- The Washington Times - Sunday, July 15, 2001

It's 10 a.m. on a Friday as theater patrons file in to Wolf Trap, the national park for the performing arts in Vienna. The crowd isn't there to get a good seat for the evening performance. In fact, it moves right past the Filene Center, the huge amphitheater where acts such as the National Symphony Orchestra and the Wolf Trap Opera Company perform.

After trooping through a meadow and over a creek, the visitors reach their destination Wolf Trap's Theatre-in-the-Woods, a rustic, 1,000-seat outdoor theater tucked into a shady spot on the grounds of the park.

Theatre-in-the-Woods has been a popular way to introduce children from ages 3 to 13 to the performing arts for 27 years, says Miriam Flaherty, Wolf Trap's director of education. The Wolf Trap Foundation sponsors the theater's performance series, which presents a variety of acts such as dance troupes, puppeteers and music groups. Perennial favorites include Dinorock, an entertaining trio of storytellers and actors, and Bob Brown Puppets, a local ensemble of oversized puppets and marionettes.

"It is a wonderful way for children to see performances that are appropriate for them," Ms. Flaherty says. "We work hard to present quality shows that expose kids to performances they might not ordinarily go to for easy entertainment."

The Theatre-in-the-Woods schedule tries to reflect what is playing at Wolf Trap, Ms. Flaherty says. While Riverdance was performing during the last week of June, for instance, the Culkin Irish dancers school-age dancers from the Culkin School in Silver Spring performed jigs and reels at Theatre-in-the-Woods.

Two acts are booked each week, with performances at 10 and 11:15 a.m. Tuesday through Saturday.
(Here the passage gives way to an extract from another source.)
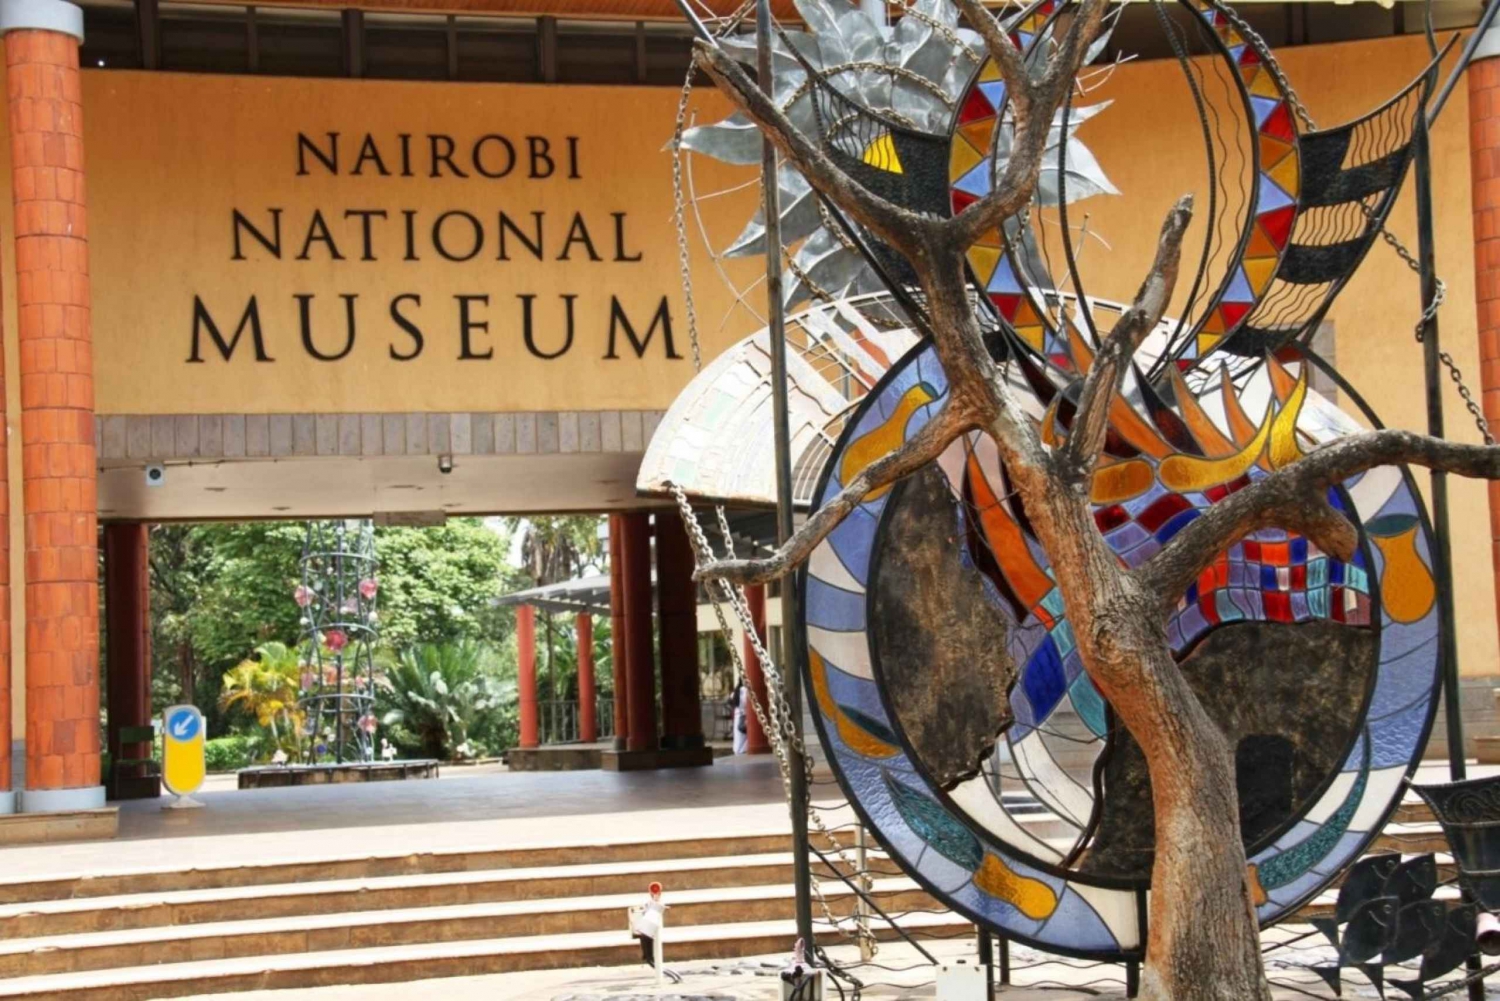 Nairobi Airport Layover: Nairobi National Museum Tour

The series expanded from six weeks to seven weeks this season, Ms. Flaherty says.

Part of the reason crowds pack the amphitheater daily is the price, which is $3 a ticket for one show, $5 for both shows. Free workshops with performers from the 10 a.m. show also are offered following the performance on Tuesdays, Thursdays and Saturdays.

"We're always looking for things to do in the summer that are cost-effective and fun," says Kelly Gray of Ashburn, Va., who brought her daughter Abby, 4, to see the Culkin dancers. "This is our first time, but I think we have reservations to come to four or five shows this summer."

The price of admission used to be even more affordable. From 1974 until 1999, when the program was run by the Department of the Interior, tickets to Theatre-in-the-Woods were free. Budget cuts put the theater in jeopardy three seasons ago, and the Wolf Trap Foundation was asked to take over the project. The only way to keep worthwhile acts booked was to start charging admission, Ms. Flaherty says.

"At first, people were disappointed," she says, "but it is still such a reasonable price. Other national parks charge. Other performing arts programs charge. It still is one of the best deals in the area."

It's an even better deal when you make a day of it. Many patrons bring a picnic and eat along the banks of the creek after the first show. Experienced Theatre-in-the-Woods visitors even bring swimsuits and water shoes to go wading in the creek's clear waters.

"Go ahead and play in the creek," Ms. Flaherty says. "It is a national park."